In 1881 Hriday was dismissed from service in the Kali temple, for an act of indiscretion, and was ordered by the authorities never again to enter the garden. In a way the hand of the Divine Mother may be seen even in this. Having taken care of Sri Ramakrishna during the stormy days of his spiritual discipline, Hriday had come naturally to consider himself the sole guardian of his uncle. None could approach the Master without his knowledge. And he would be extremely jealous if Sri Ramakrishna paid attention to anyone else. Hriday’s removal made it possible for the real devotees of the Master to approach him freely and live with him in the temple garden.
During the week-ends the householders, enjoying a respite from their office duties, visited the Master. The meetings on Sunday afternoons were of the nature of little festivals. Refreshments were often served. Professional musicians now and then sang devotional songs. The Master and the devotees sang and danced, Sri Ramakrishna frequently going into ecstatic moods. The happy memory of such a Sunday would linger long in the minds of the devotees. Those whom the Master wanted for special instruction he would ask to visit him on Tuesdays and Saturdays. These days were particularly auspicious for the worship of Kali.

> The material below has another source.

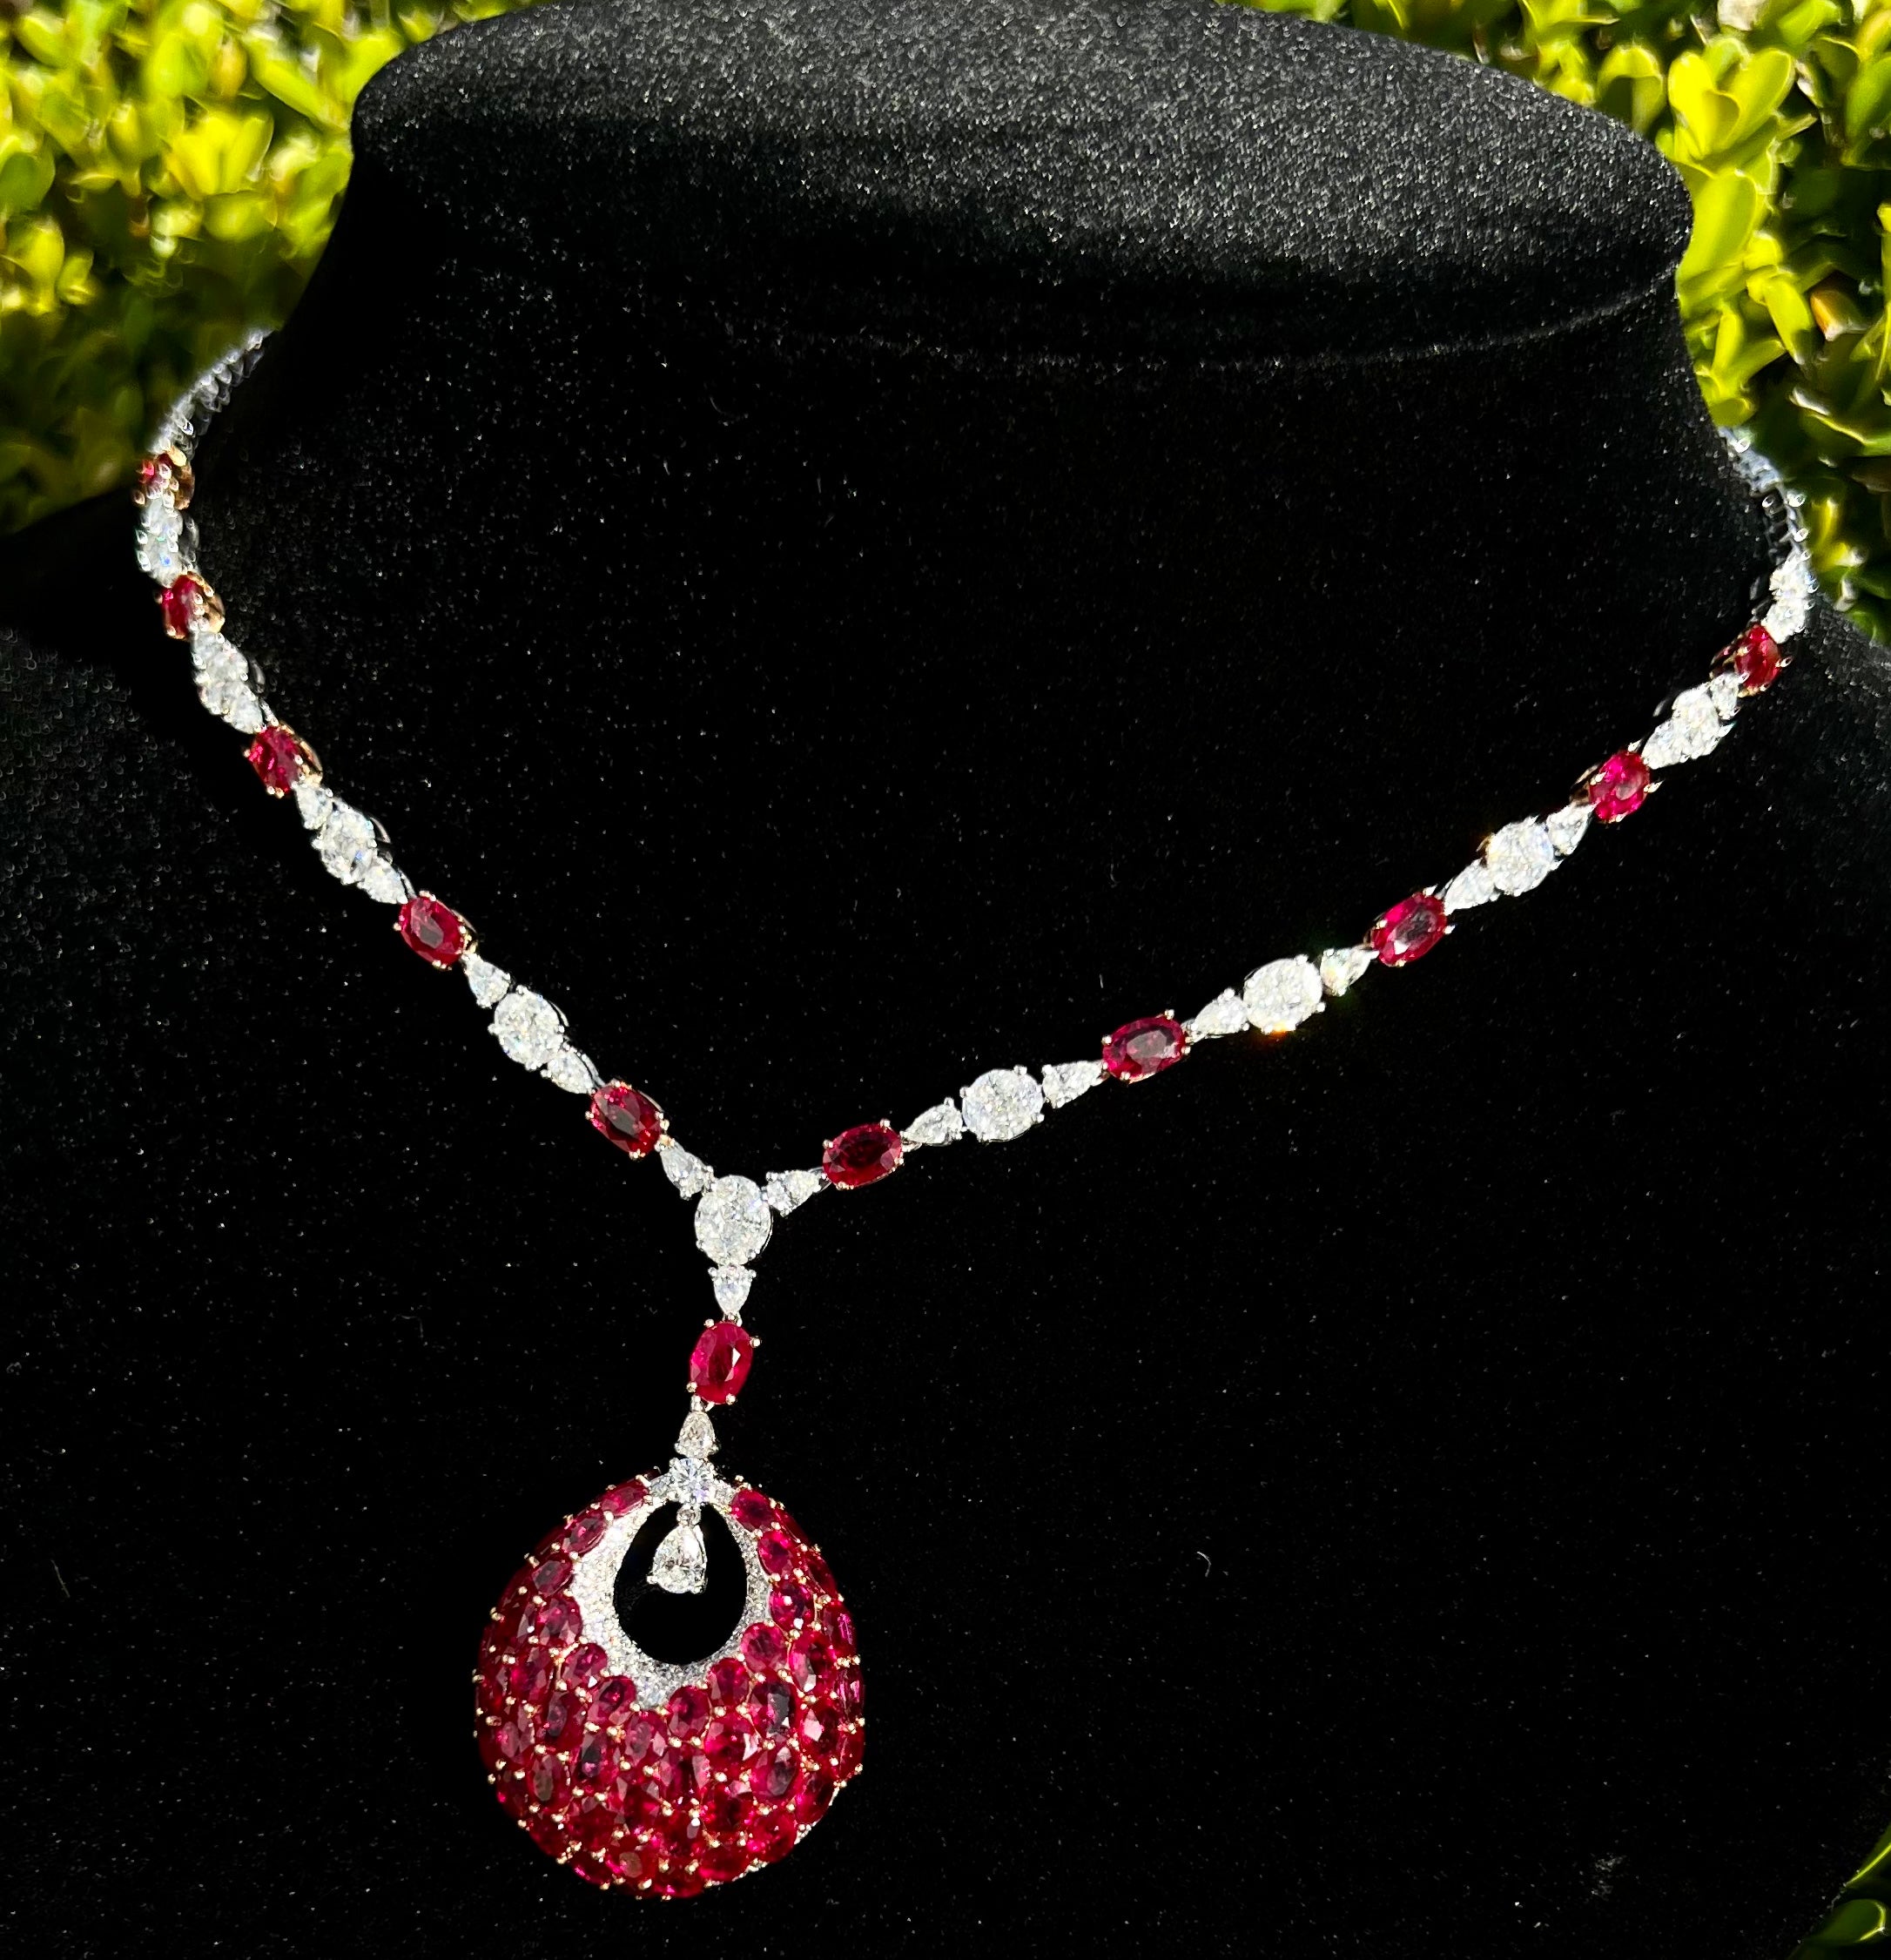 Very opulent, ladies estate 18 karat white gold, 30 carat Burmese ruby and diamond necklace features the finest quality Burmese rubies and D color white sparkling diamonds. In the center of the necklace, an elegant open circular pear drop dangles

The young disciples destined to be monks, Sri Ramakrishna invited on week-days, when the householders were not present. The training of the householders and of the future monks had to proceed along entirely different lines. Since M. generally visited the Master on week-ends, the Gospel of Sri Ramakrishna does not contain much mention of the future monastic disciples.
Finally, there was a handful of fortunate disciples, householders as well as youngsters, who were privileged to spend nights with the Master in his room. They would see him get up early in the morning and walk up and down the room, singing in his sweet voice and tenderly communing with the Mother.